### Exercise details
Exclude the images, then return every line below exactly as written.

### Information provided

>>>>

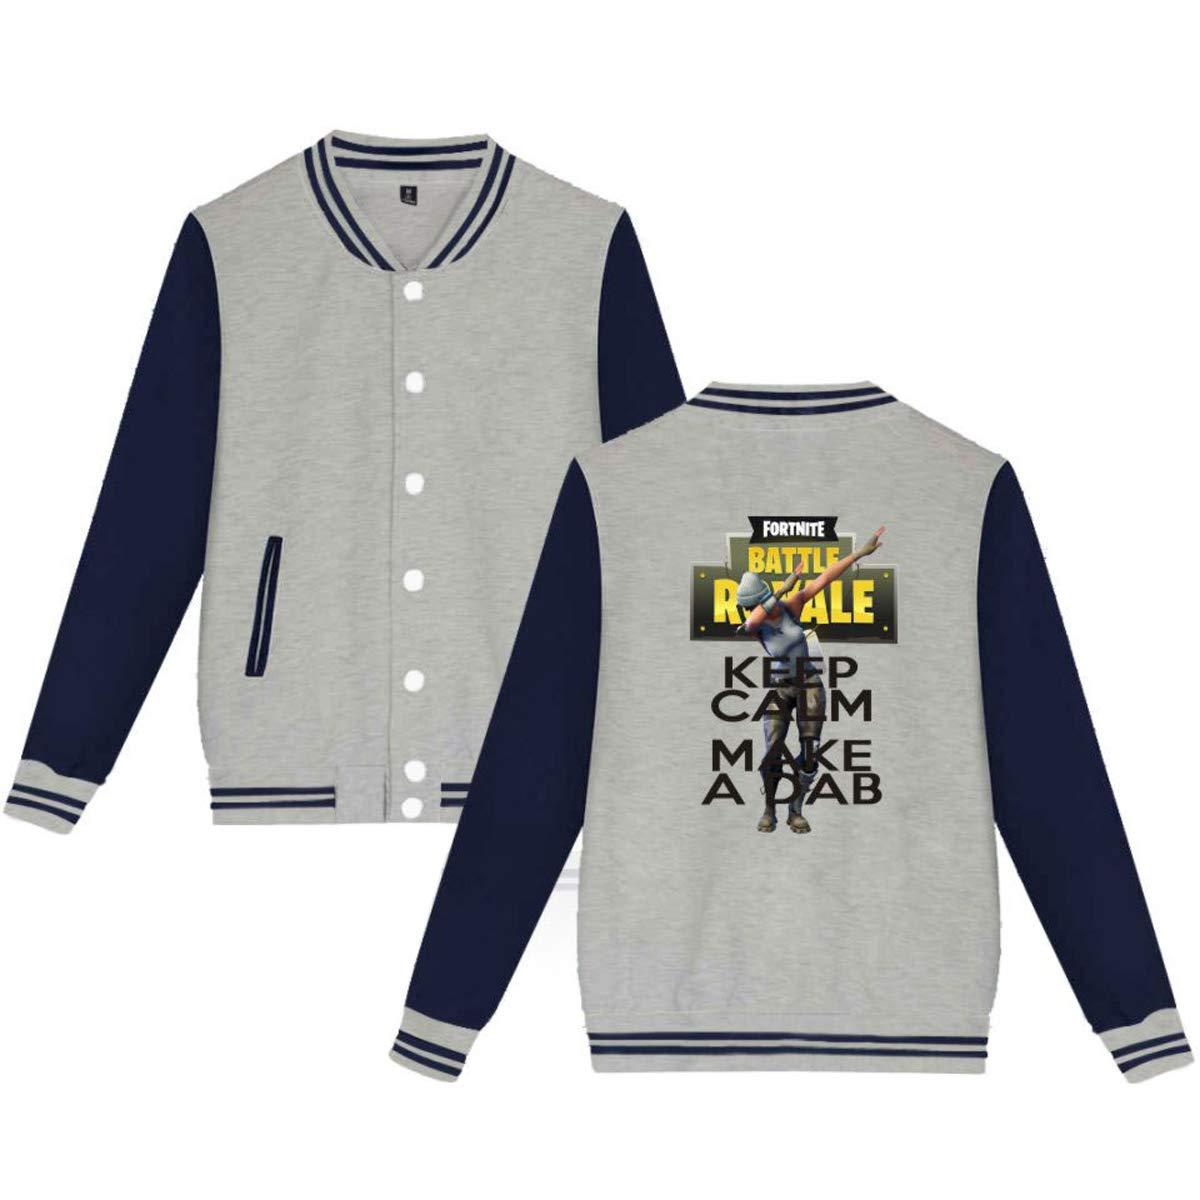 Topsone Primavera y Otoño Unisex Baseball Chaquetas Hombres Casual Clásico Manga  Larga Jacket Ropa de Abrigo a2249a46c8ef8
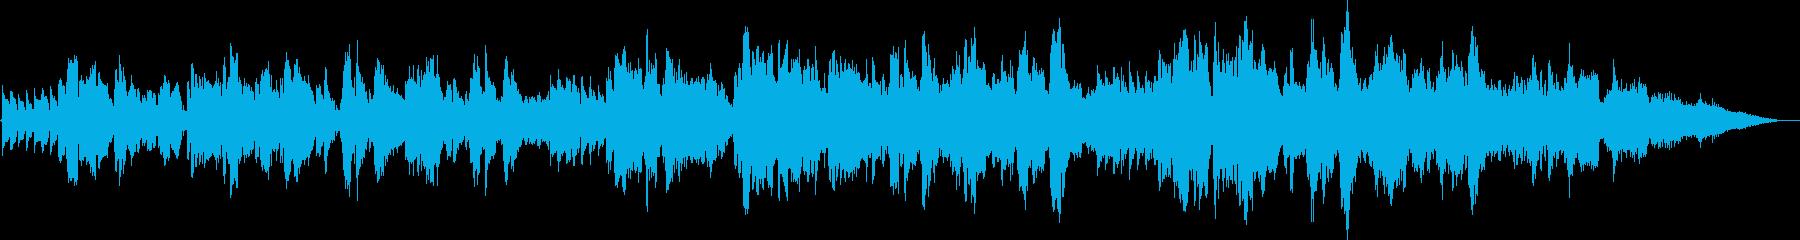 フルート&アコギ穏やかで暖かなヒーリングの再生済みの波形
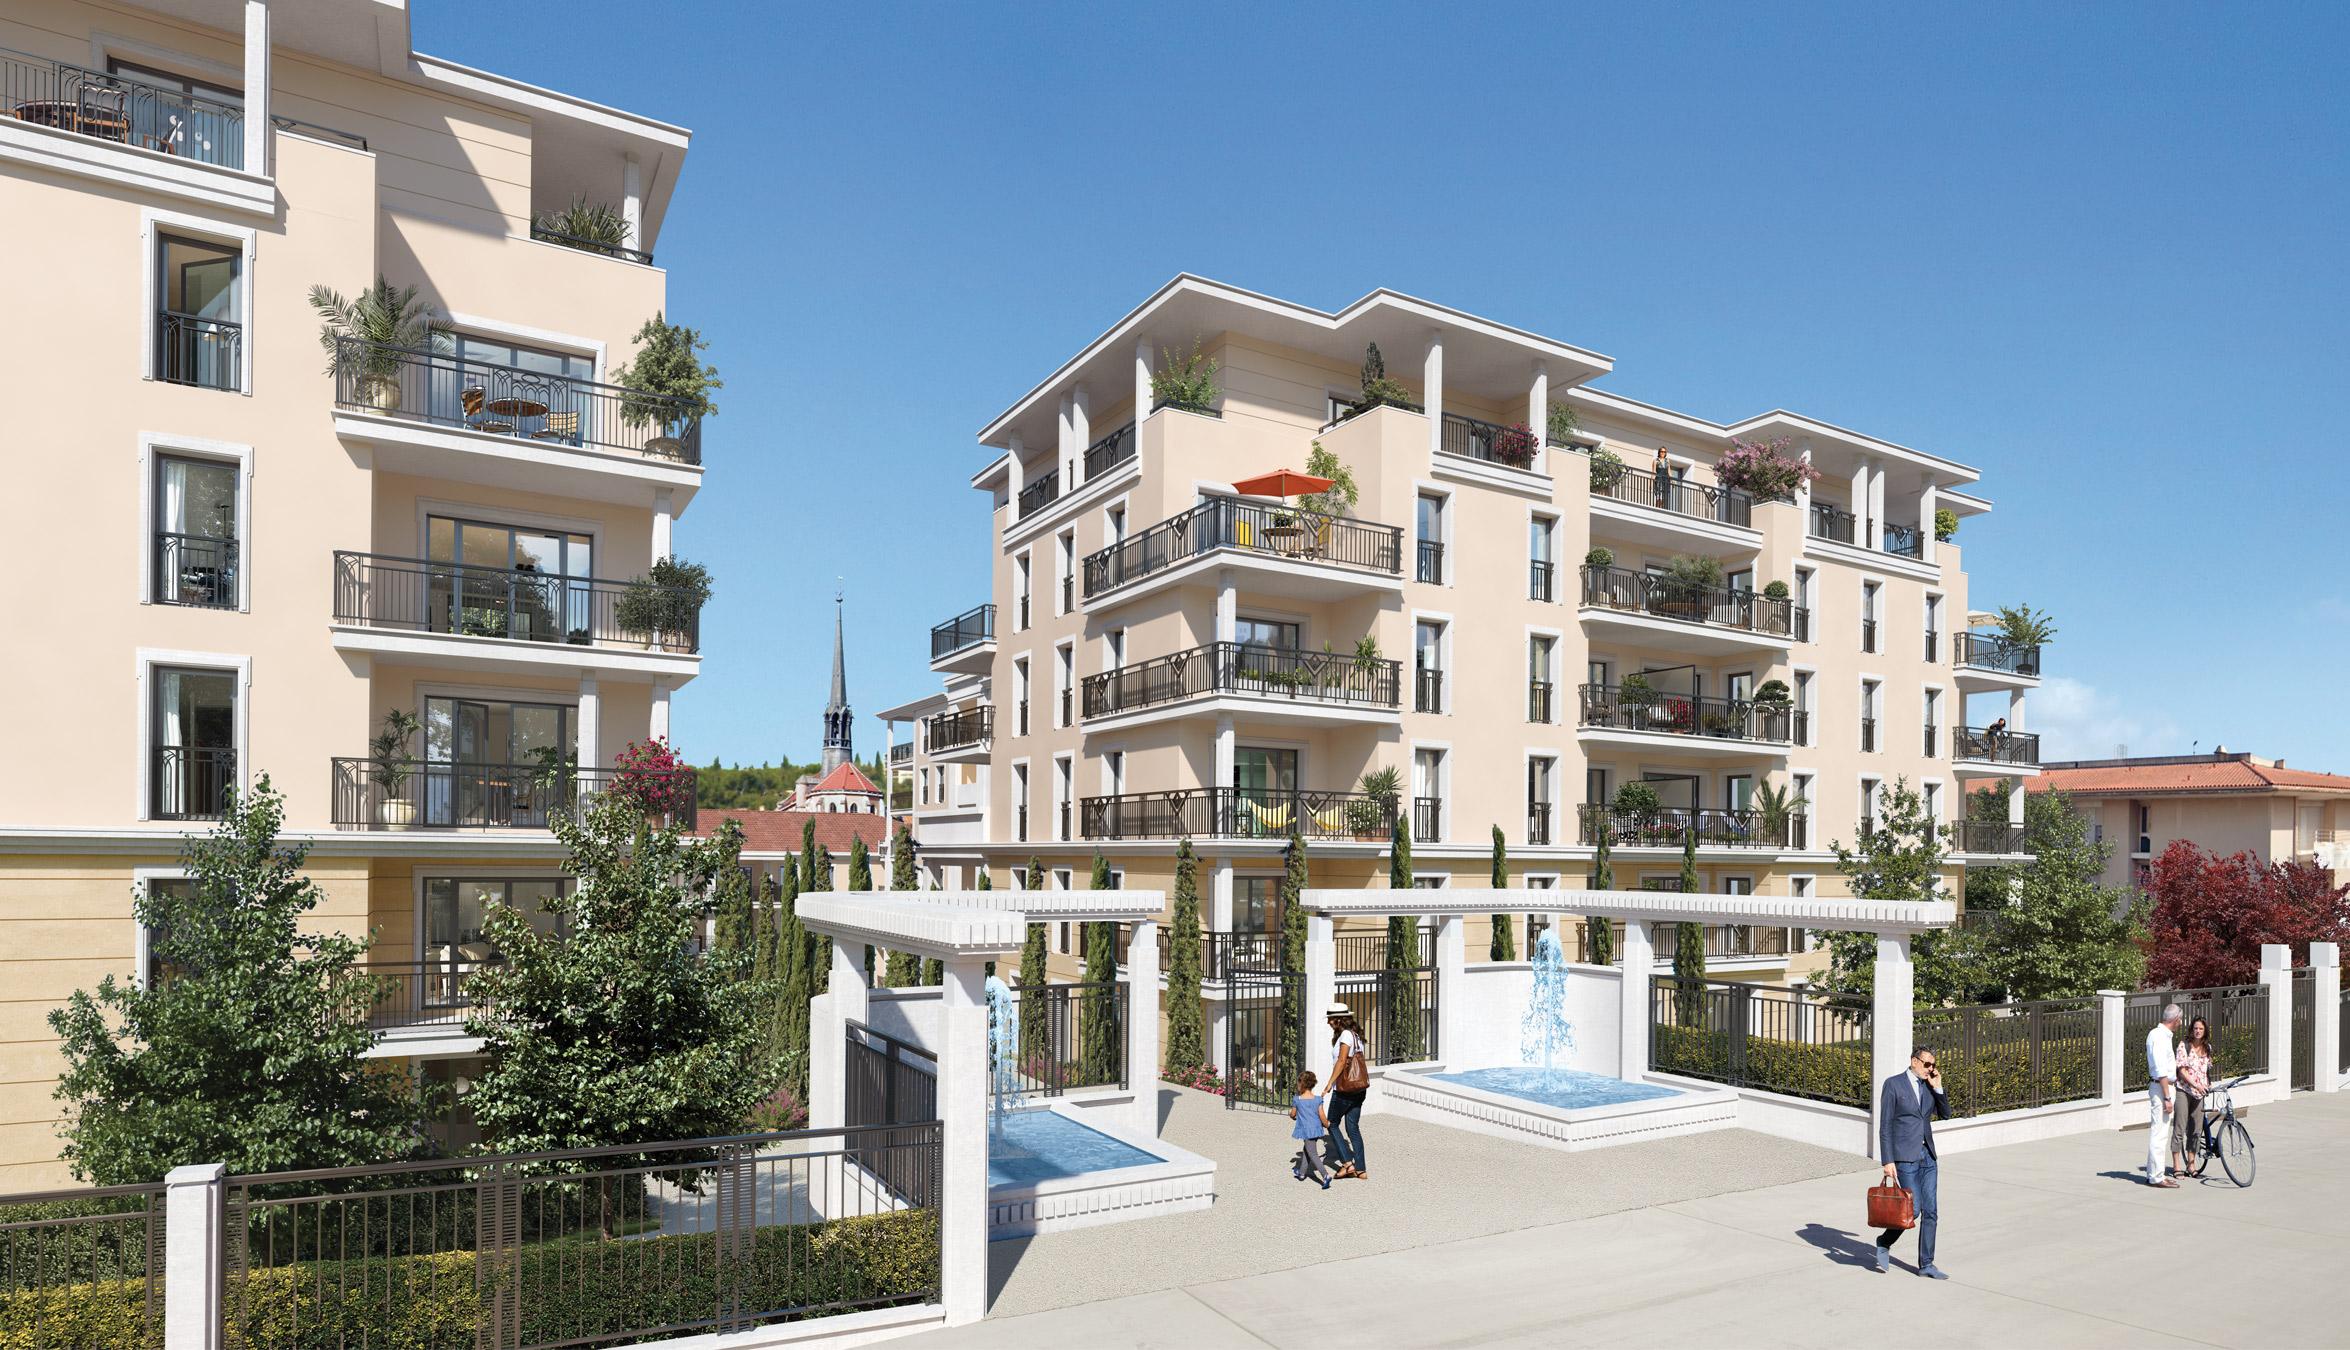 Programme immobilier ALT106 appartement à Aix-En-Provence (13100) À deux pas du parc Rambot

<<<<

### Result
 Topsone Primavera y Otoño Unisex Baseball Chaquetas Hombres Casual Clásico Manga  Larga Jacket Ropa de Abrigo a2249a46c8ef8
 フルート&アコギ穏やかで暖かなヒーリングの再生済みの波形
 Programme immobilier ALT106 appartement à Aix-En-Provence (13100) À deux pas du parc Rambot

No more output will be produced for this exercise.